╔══

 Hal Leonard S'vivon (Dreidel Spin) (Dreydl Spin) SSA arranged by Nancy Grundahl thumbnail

╚══
╔══

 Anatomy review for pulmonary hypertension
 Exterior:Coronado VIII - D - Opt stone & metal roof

╚══

== Problem details ==
What are the lines, exactly as written above, from the line with "Anatomy review for pulmonary hypertension" to the line with "Exterior:Coronado VIII - D", both included? Output only those.

== Answer to this problem ==
 Anatomy review for pulmonary hypertension
 Exterior:Coronado VIII - D - Opt stone & metal roof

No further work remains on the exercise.